Chinese advertising is seen by some as safe, conservative, and even boring, with a golden formula of user benefits and repetition, plus personalities and 15-second formats. How do you apply the concept of disruption to the market?
Take note that disruption is typically at the strategic, not the execution level. Disruption, a process of creativity, has to start before the creative process. You have to have a very different, unconventional strategy. I can understand why this is not yet very important in China because that comes when you have many different brands competing for the same business. Now everything is going so fast that nobody cares about being different. But when things slow down a little and, step by step, when the volume is not coming from the market itself, and market share is with the other guys, you have to be special to stand out. So disruption will become useful in China.
Right now, it's too formulaic, too many celebrities, too much use of 15-seconders. [I will] tell you something about the mathematics of advertising: 15 seconds is not one-half of 30 seconds, it's one-twelfth. Because you need some time to get into a commercial to 'get it'.
You say disruption is not yet at the strategic level in China, which is surprising because the country's age-old maxims of military stratagems have been a vital function of business throughout its history.
Yes, but nothing is as constant as change. Confucius said something to that effect.
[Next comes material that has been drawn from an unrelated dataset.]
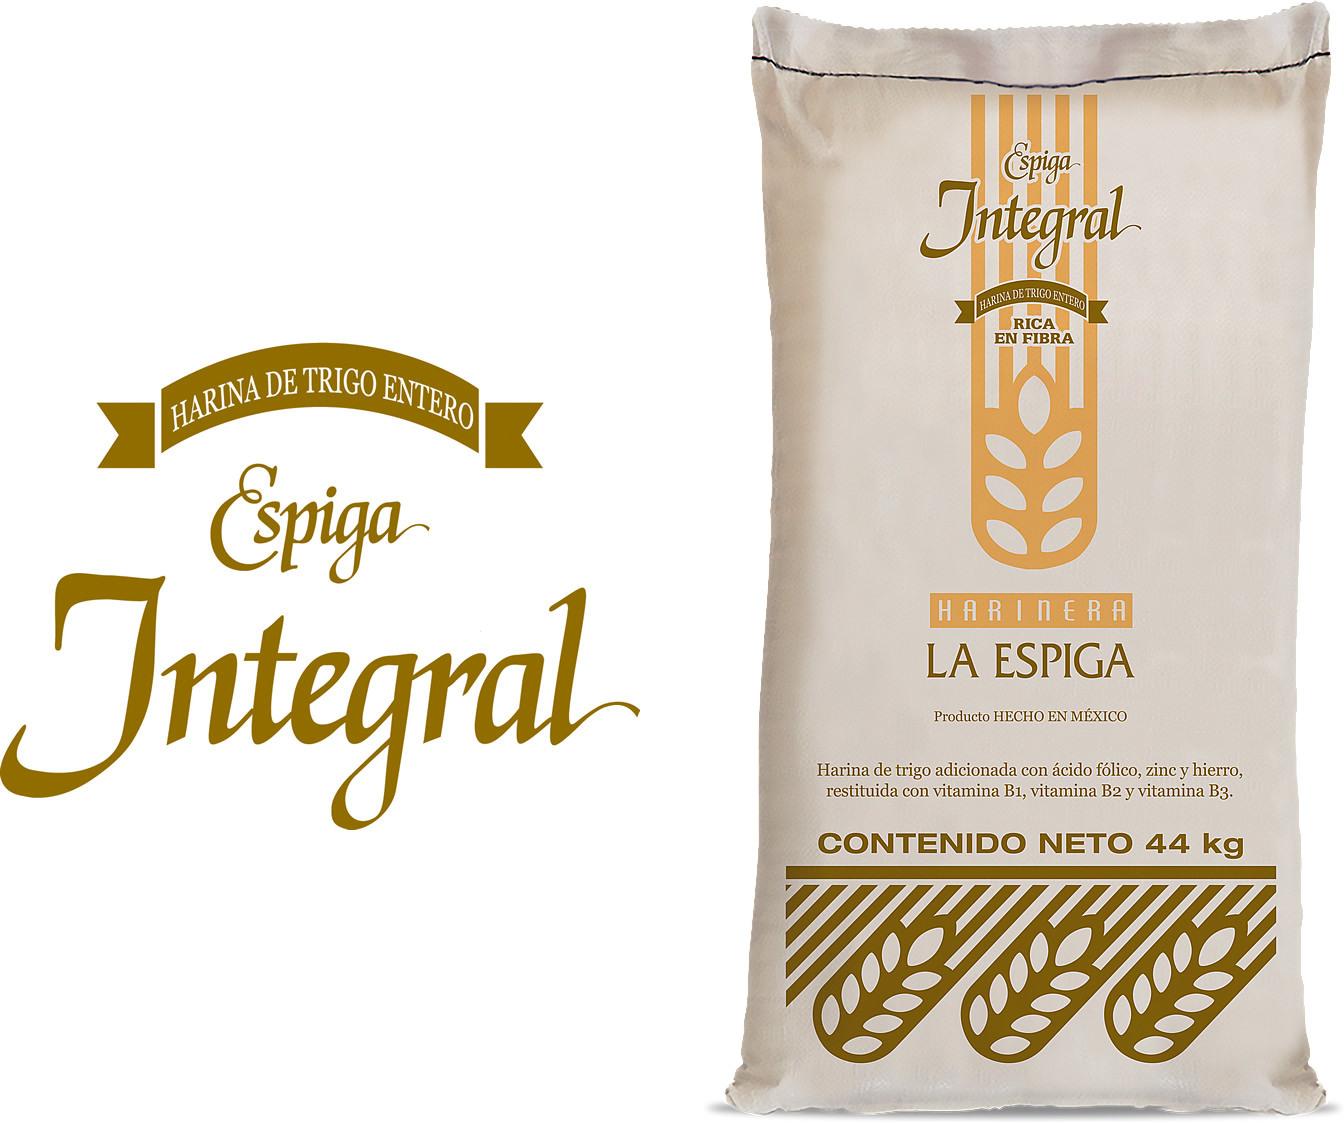 Espiga Integral is a multipurpose wheat flour perfect for whole-wheat breads.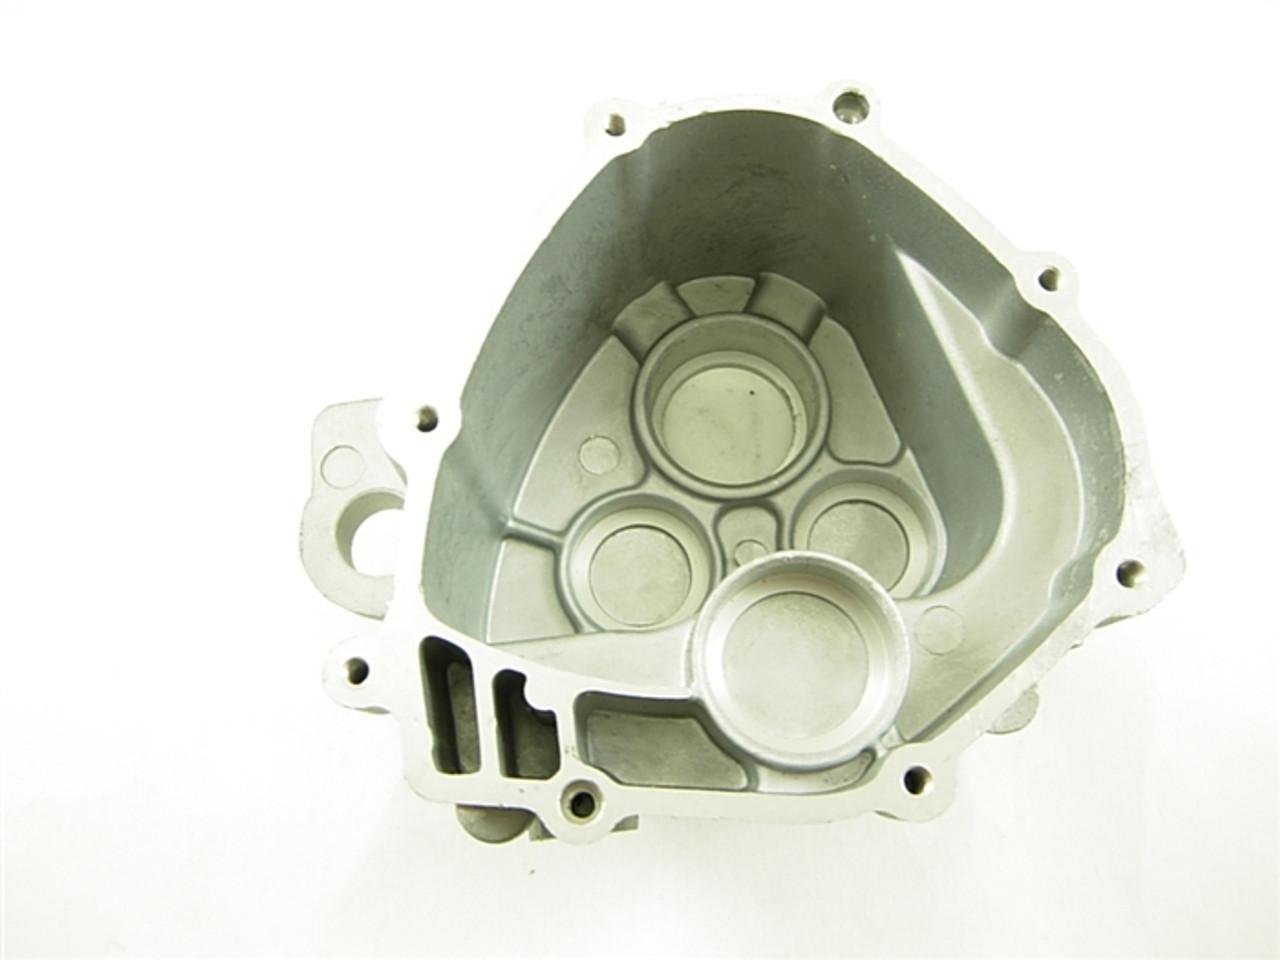 engine cover /gear box 12779-a155-7

There's another saying in English: 'If you don't create change, change will create you' — negatively. If you repeat yourself and repeat yourself, nobody listens to you anymore. And incremental change is not strong enough, that's why we believe in innovative strategies. But I tell our clients, if you change nothing, you will die; if you change everything, you will die as well. So you have to toe the fine line, to decide what should be changed and what should not be changed. And this is what disruption is all about, to break — not all, but some — of the conventions.
To do that, we organise 'Disruption Days' (more than 5,000 to-date) with people from client-side and agency-side. Not only marketing and advertising people, but factory people and legal people. The head of our office in Los Angeles calls this our "unfair competitive advantage". It's "unfair" because it's difficult for the other [agencies] to do the same thing.
How are Chinese clients reacting to your insistence on disruption?
At the macro level, most of them have spent the last 10 or 15 years building supply chains, distribution networks and so on. And the economy has been growing at 10, 12, 15 per cent with millions of people coming to the cities, joining the middle class. Clients didn't have to worry too much about top-line growth. That's changed. When our client adidas recently took a three per cent share of the women's market off Nike, that was significant because five years ago we never talked about such things. As China changes, it's never been more relevant. In LA, for instance, our work for Gatorade shifted it from a sports drink to a sports brand.
You started your career as a P&G man. Have they embraced your philosophy?
If you look at the speeches of Mark Pritchard, P&G thinks it's in the business of improving lives, which is a big step from just selling Pampers or Tide or whatever products. They think not in terms of benefit, but in terms of purpose. They used to say Pampers keeps your baby's buttocks drier; now they say dry buttocks during the night means your baby will be in better shape physically and mentally during the day. Moving out of the single-minded user benefit proposition opens up many things like CSR initiatives for the brand. You know what, I started this disruption philosophy because I'm very conservative myself.
Has there been a tough client you had to 'force-feed' your approach to?
I don't think we ever used it on Apple, because they are so disruptive themselves. It's difficult to talk about clients, but we have more problems on the execution level. Some think the work is fantastic, some say it was not what they expected.
A French film director that I love used to say the quality of a feature film relies on 50 per cent script, 50 per cent director, 50 per cent actress, 50 per cent music, 50 per cent editing. If any one of them is a hit-and-miss, only half of the film is left. You can have the best strategy in the world, but poor execution is bad. If you have the best execution on the wrong strategy, same story. You have to have both.
When I owned my personal agency [BDDP], the creative director was allowed to refuse a strategy without any reason. And that's the time we did the best creatives. When you brief the creative people, you have to give them a good springboard to jump from.
So are the creatives at TBWA allowed to reject briefs?
Not anymore. It's not about saying flatly no, but saying 'this is not enough to work with, we need something more'. The whole world now is lot more collaborative.
Speaking of collaboration, do you think the Publicis-Omnicom merger is a disruption to the industry?
Yes. I'm not really entitled to make any observations to you before the process goes through, but from a client perspective, there is now no expertise in anything that cannot be found within the [merged] group.
I cannot help myself but ask about your expectations for the Chinese market, even though you do not directly run the business on a daily basis.
Ian Thubron grew the agency 60 per cent in two years. This country is now number five [in revenue contribution to TBWA], and until it is number two, behind the US, we have a long way to go. It's now still less than half of the size of the France business. China is the second largest economy in the world; TBWA China should be the second too. It cannot take more than five years for this to happen. The advertising world is very much the reflection of the overall mood and state of a country. In France we are in a difficult position, and the advertising is dull these days.
Are there any Chinese campaigns you think are exceptionally good?
There is one that is very interesting, not by us, the People's Car Project by Volkswagen. I hate to say that, but it's very good.